Increased Amylase and Lipase in Patients With COVID-19 Pneumonia: Don't Blame the Pancreas Just Yet!

Dear Editors:

We have read with interest the article entitled "Pancreatic injury patterns in patients with COVID-19 pneumonia" by Dr Wang and colleagues.¹ This was a retrospective study involving 52 patients with Coronavirus Disease 2019 (COVID-19) admitted to the Zhongnan Hospital of Wuhan University, China. It aimed to describe the incidence of pancreatic injury in patients with COVID-19, defined as any abnormality in amylase or lipase. Based on this, 17% of patients with COVID-19 met criteria for pancreatic injury.
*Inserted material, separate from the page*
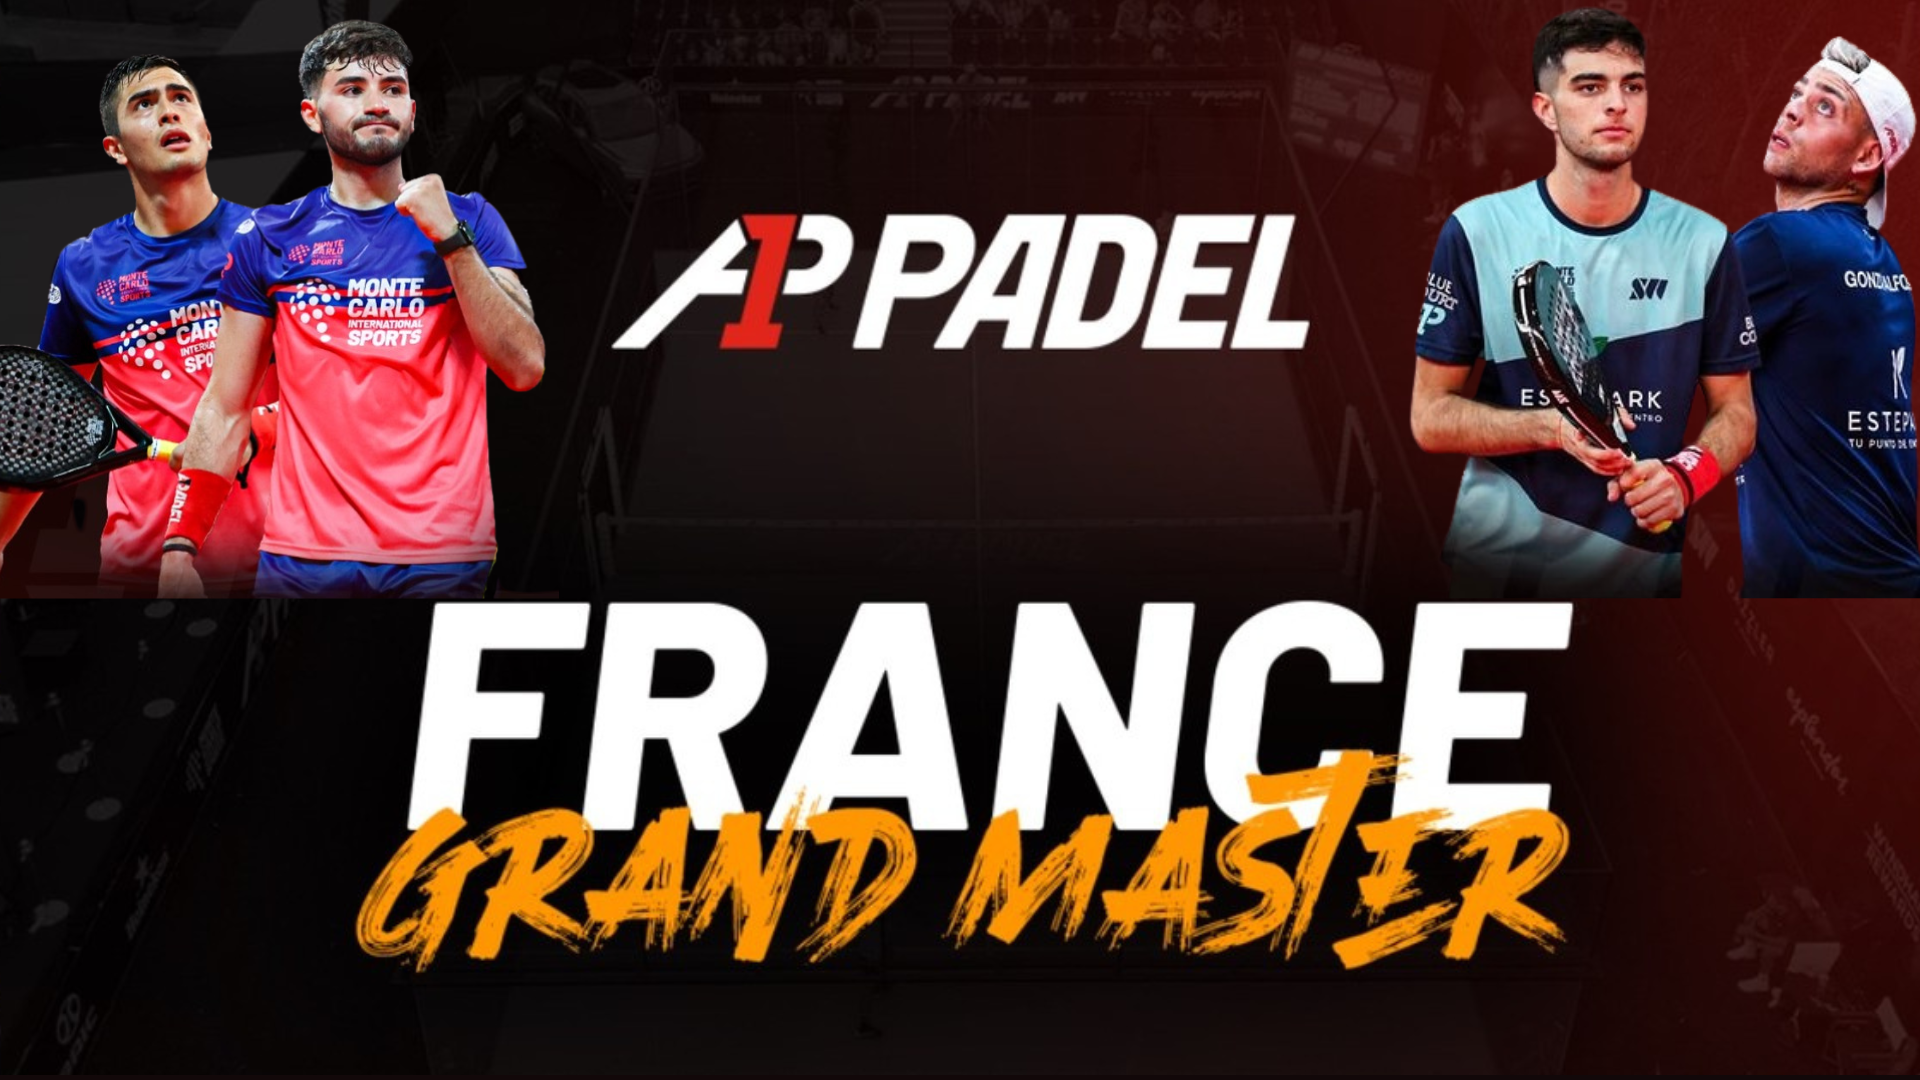 A1 Padel Gran Maestro de Francia – De Pascual/Alfonso en la final contra Dal Bianco/Arce

The mean level of amylase in patients with "pancreatic injury" was 115 ± 25 U/L (upper limit of normal [ULN] 90) and, in the case of lipase, 71 ± 34 U/L (ULN 70). We aimed to highlight that the definition of pancreatic injury in this article lacks specificity, as a mild increase in blood levels of pancreatic enzymes (PEs) can be explained by many factors other than pancreatic damage in patients with COVID-19.
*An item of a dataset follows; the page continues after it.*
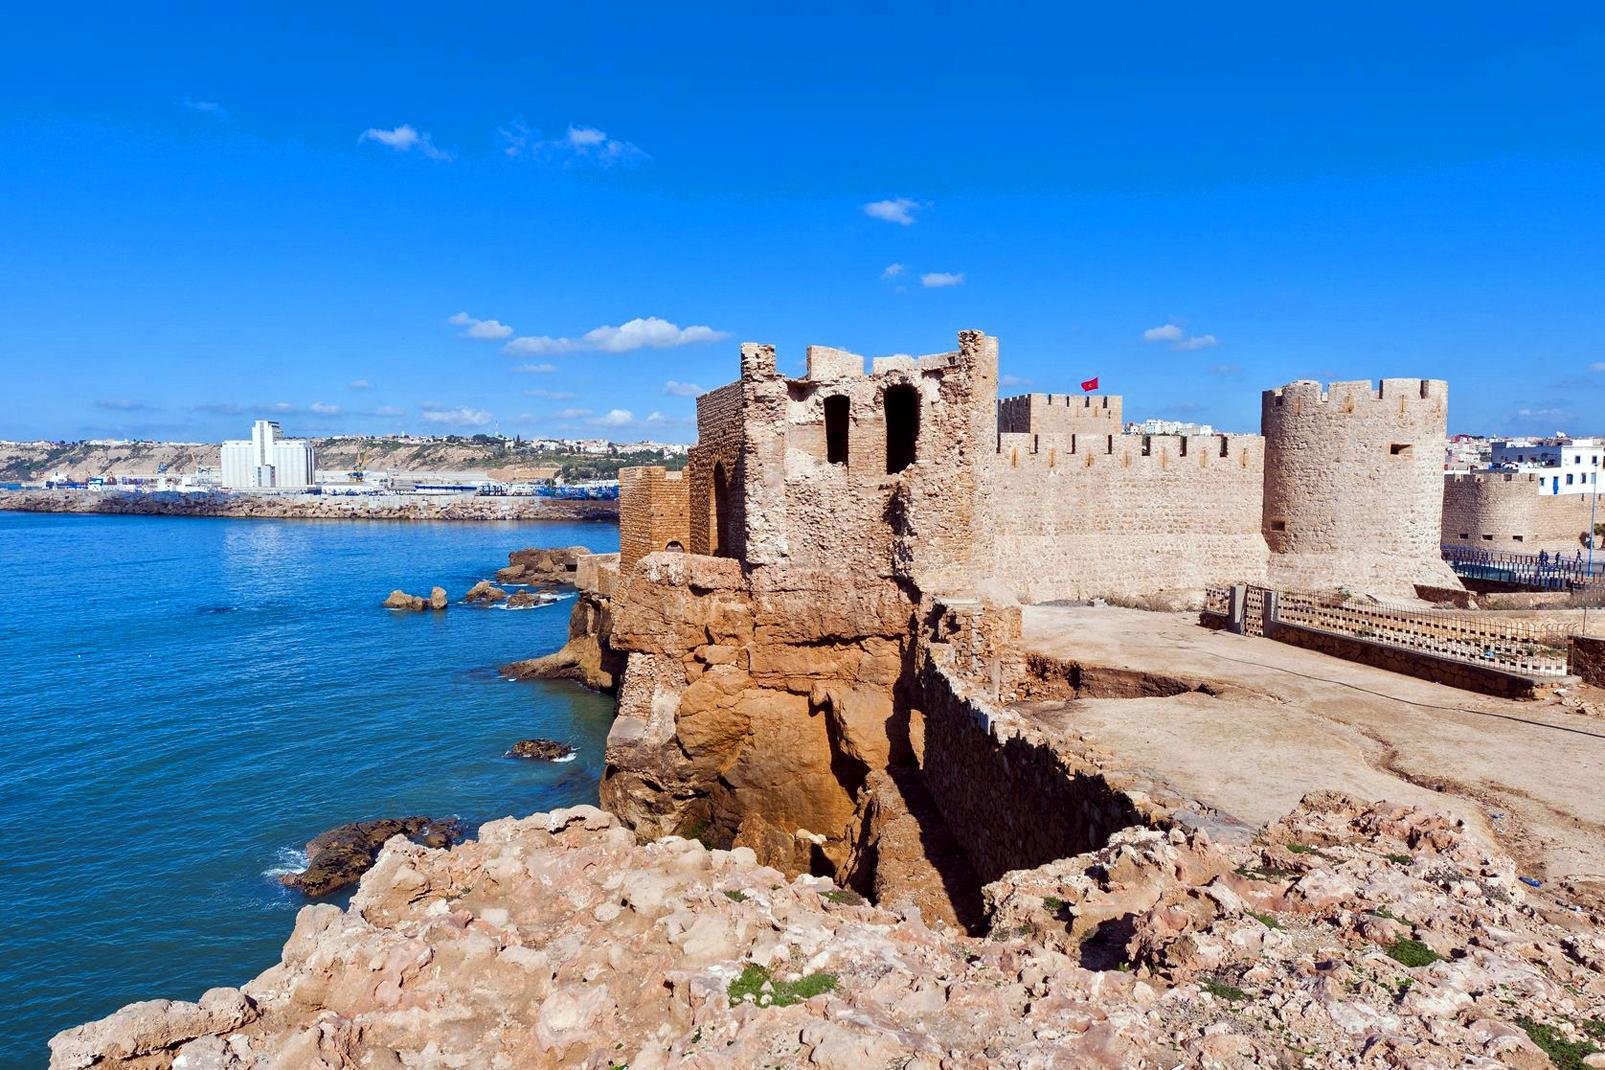 In Safi befindet sich einer der größten Sardinenhäfen der Welt. Dort kann man zudem den besten Fisch der gesamten Küste Marokkos finden. In den auf einer Anhöhe gelegene Töpferwerkstätten werden seit dem 12. Jahrhundert sehr farbenfrohe Stücke hergestellt. In der Medina sollte man unbedingt die aus dem 16. Jahrhundert stammende portugiesische Kapelle besichtigen. Wenn Sie vom Norden aus nach Safi anreisen ...

Blood levels of amylase and lipase are the result of a balance between production and clearance of these enzymes. Amylase allows us to digest starch; it is mainly secreted by the pancreas and salivary glands, but other organs,² including the normal and diseased lungs,³ are also potential sources. Amylase is cleared by the reticuloendothelial system and the kidneys.² Lipase, which is mostly secreted in adults by the pancreas, is a key enzyme for the digestion of triglycerides. Lipase is excreted by the kidneys.² The standard definition for acute pancreatitis (which refers to clinically relevant pancreatic injury), requires, according to the Revised Atlanta Classification, at least 2 of the following 3 features: (1) typical abdominal pain; (2) serum amylase and/or lipase activity at least 3 times >ULN; and (3) characteristic findings of acute pancreatitis on contrast-enhanced computed tomography and less commonly, magnetic resonance imaging or transabdominal ultrasonography.⁴ The article did not provide data on imaging techniques or abdominal pain, which are crucial for diagnosing pancreatitis in patients with elevations of PEs within the 3-fold ULN threshold.
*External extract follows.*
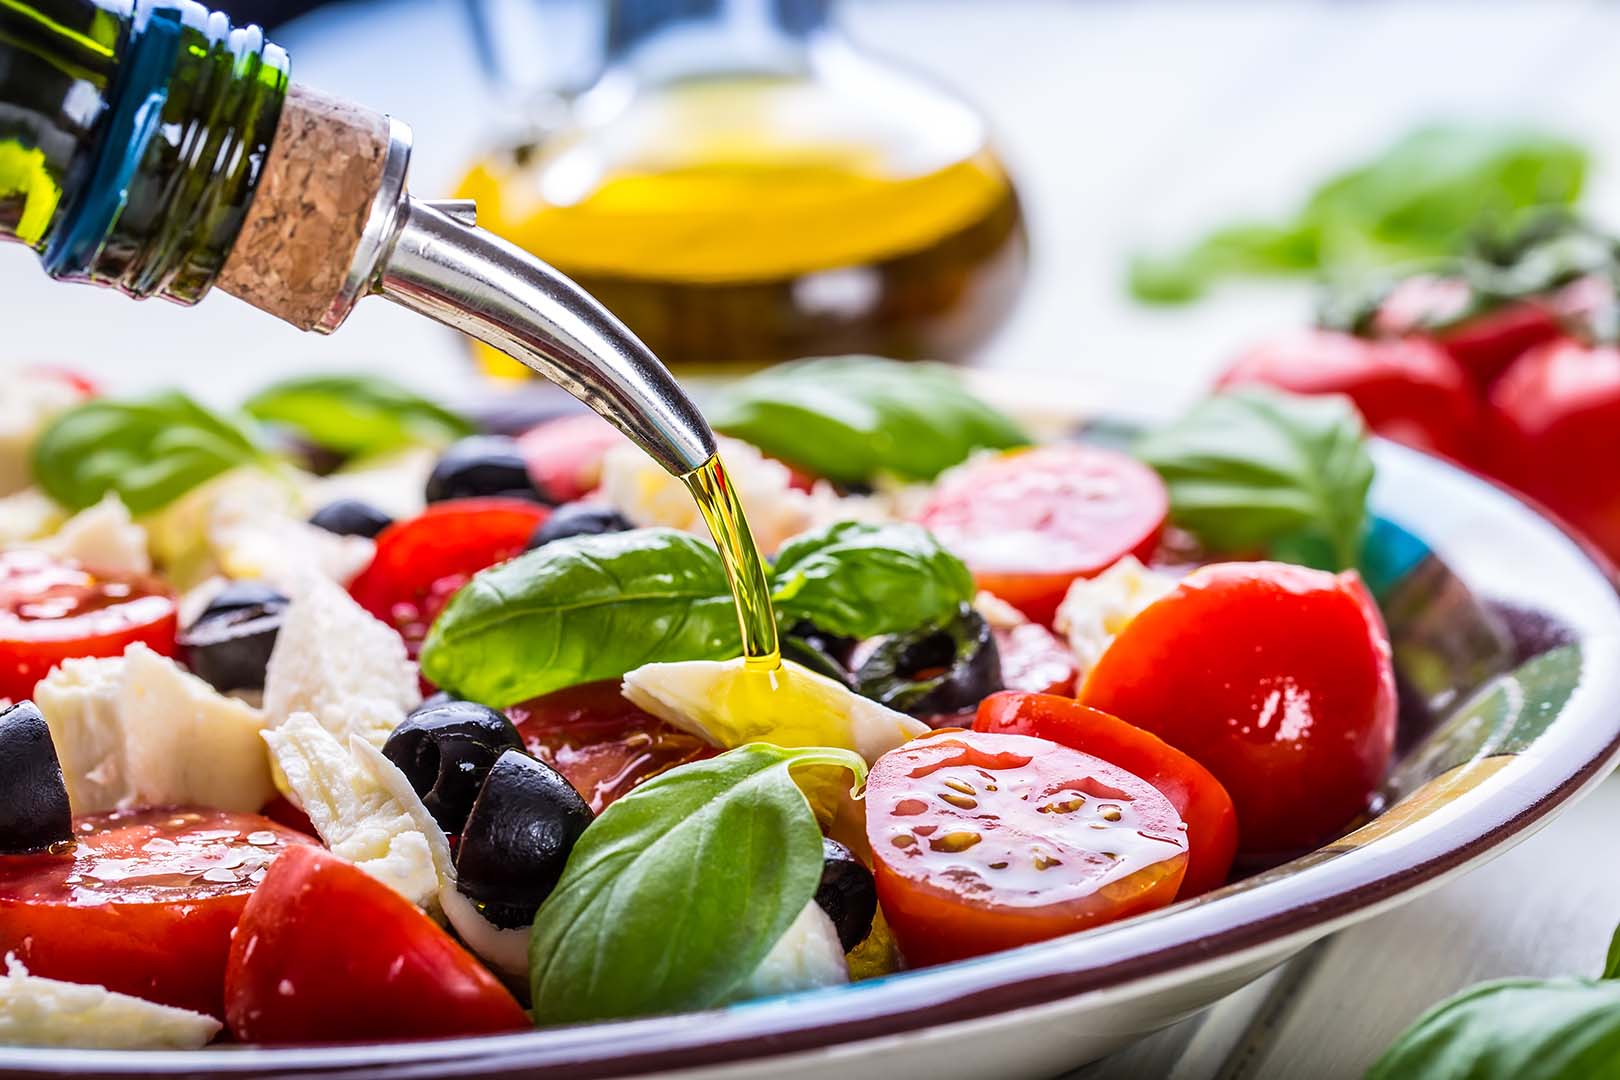 Las grasas favorables de la dieta mediterránea y sus beneficios para la salud3 min read

Patients with COVID-19 may incur a series of complications that are associated with elevated blood levels of PE, including acidosis,² renal failure,^{2 , 5} and diabetes.⁵ Furthermore, severe acute respiratory syndrome coronavirus 1, the predecessor of COVID-19, was found to affect the epithelial lining of salivary gland ducts early in the course of disease in monkeys.⁶ This may be of relevance as salivary glands are another recognized source of blood amylase.²

Finally, according to a recently published meta-analysis of patients with COVID-19, 50% had detectable severe acute respiratory syndrome coronavirus 2 RNA in stool samples and 18% had gastrointestinal symptoms.⁷ Gastroenteritis is a well-known cause of raised PEs,⁸ and may be explained by the enhanced intestinal permeability in response to inflammation, which facilitates reabsorption of macromolecules such as amylase and lipase.² In the article by Wang and colleagues,¹ patients classified as having pancreatic injury had a higher incidence of diarrhea and higher levels of creatinine, suggesting that the source of increased PE, at least in part, may have been due to gut inflammation and impaired renal excretion.

We suggest that future studies investigating the incidence of pancreatic inflammation on patients with COVID-19 should rely on imaging, preferably computed tomography scan or magnetic resonance imaging, as an objective test of clinically relevant pancreatitis in such patients with elevated blood levels of PEs.